Dermatofibromas frequently occurs in the woman. Perhaps Dermatofibroma is appears in the various color hard papula, usual brown tans. Although typical dermatofibromas cause little or no discomfort, itching and tenderness can occur. Dermatofibroma can occur in patients of any age, but it usually develops in young adulthood. Dermatofibroma typically arise slowly and most often occur as a solitary nodule on an extremity, particularly the lower leg, but any cutaneous site is possible. Several lesions may be present, but only rarely are multiple tumors found. Dermatofibromas feel like hard lumps under the skin. They're like an iceberg in that there is more under the skin than seen on the surface. Often these start out as red, turning later to brown, and sometimes itch. If the skin over a dermatofibroma is squeezed a dimple forms, indicating tethering of the skin to the underlying fibrous tissue.
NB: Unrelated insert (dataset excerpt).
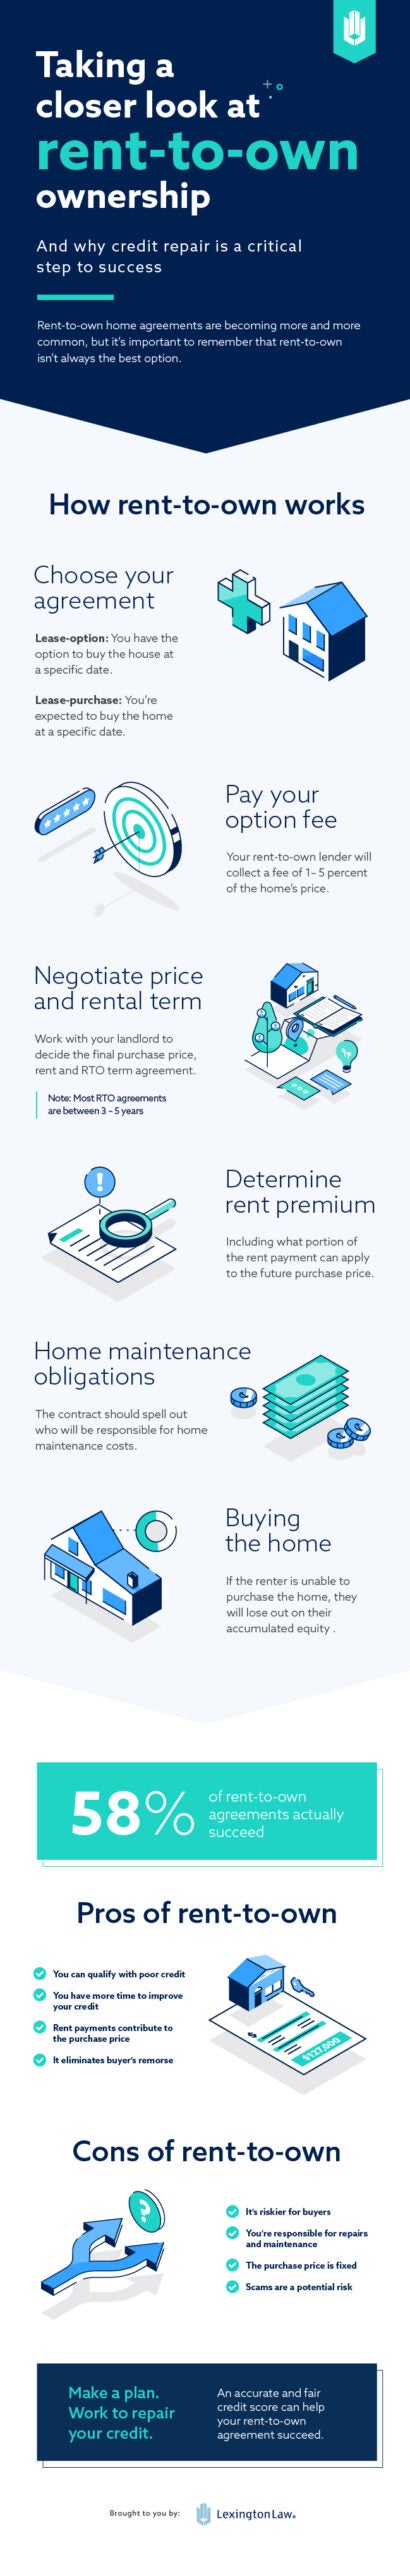 Infographic that illustrates rent-to-own ownership
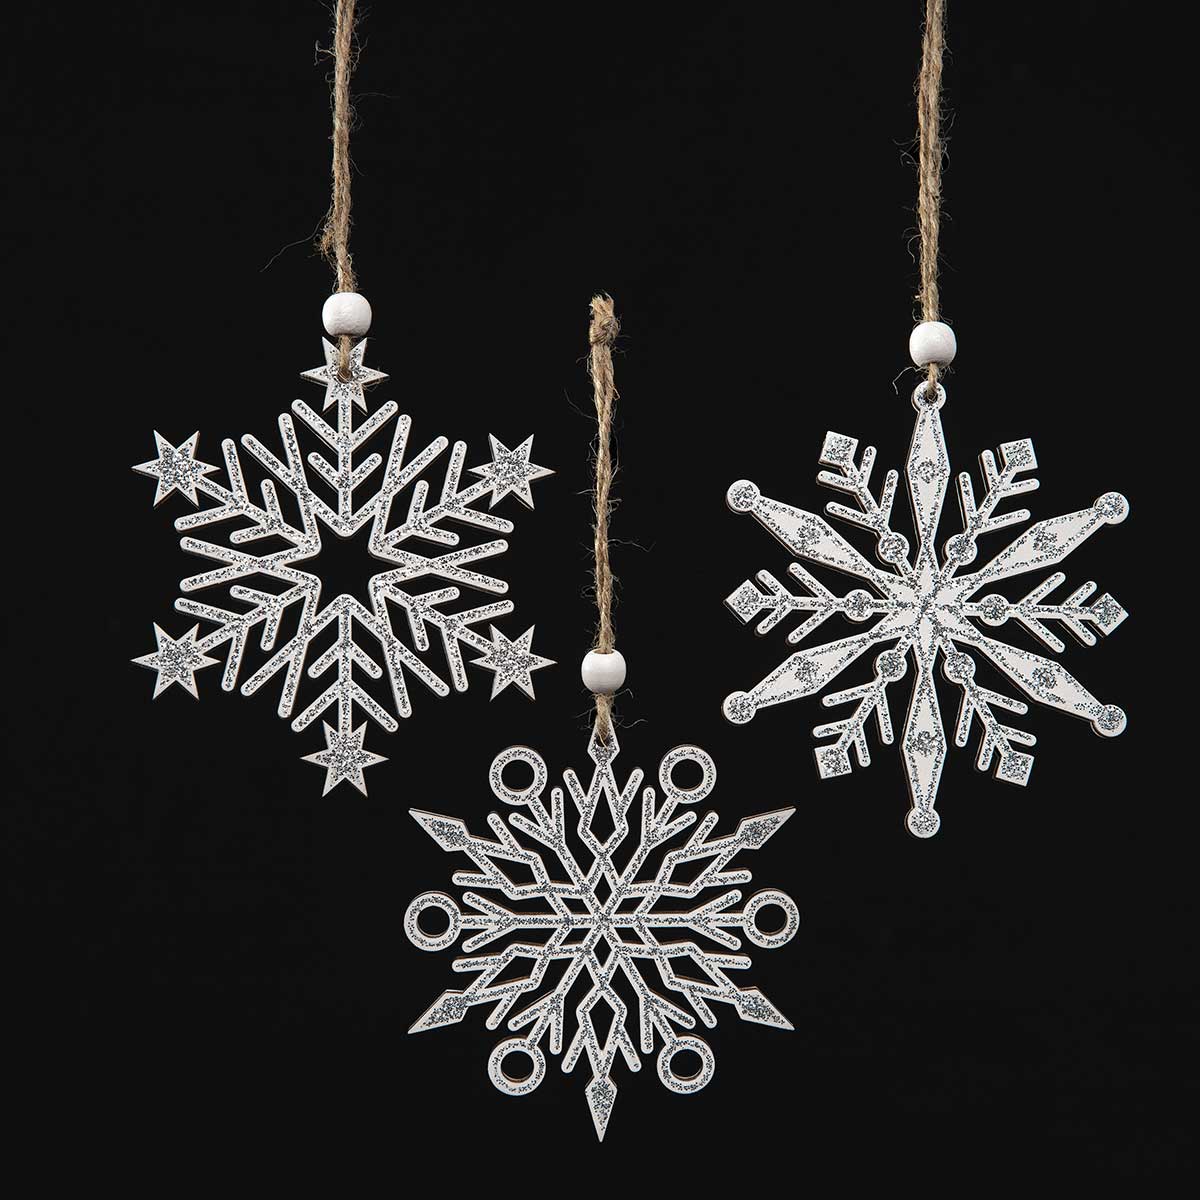 ORN SPARKLE SNOWFLAKE 3 ASSORTED 4IN X .25IN X 4IN WHITE

No treatment is usually necessary. Simple reassurance that the lesion is benign may be indicated. Dermatofibromas are best ignored. If the diagnosis is uncertain, a piece may be removed for tissue analysis. Most physicians will advocate treatment only if the lesion is in the way of shaving, or is becoming irritated by clothing. Removal can be done surgically with local anesthesia, but, since much of the growth extends beneath the surface of the skin, the scar may be larger and more noticeable than the original tumor. Intralesional steroid injections have been attempted with variable results. Liquid nitrogen freezing destroys only the upper part of the growth. Therefore, the dermatofibroma, after some years, may again become noticeable. Usually any regrowth is slight and can be handled by another freezing. Cryosurgery may also be used to remove a dermatofibroma.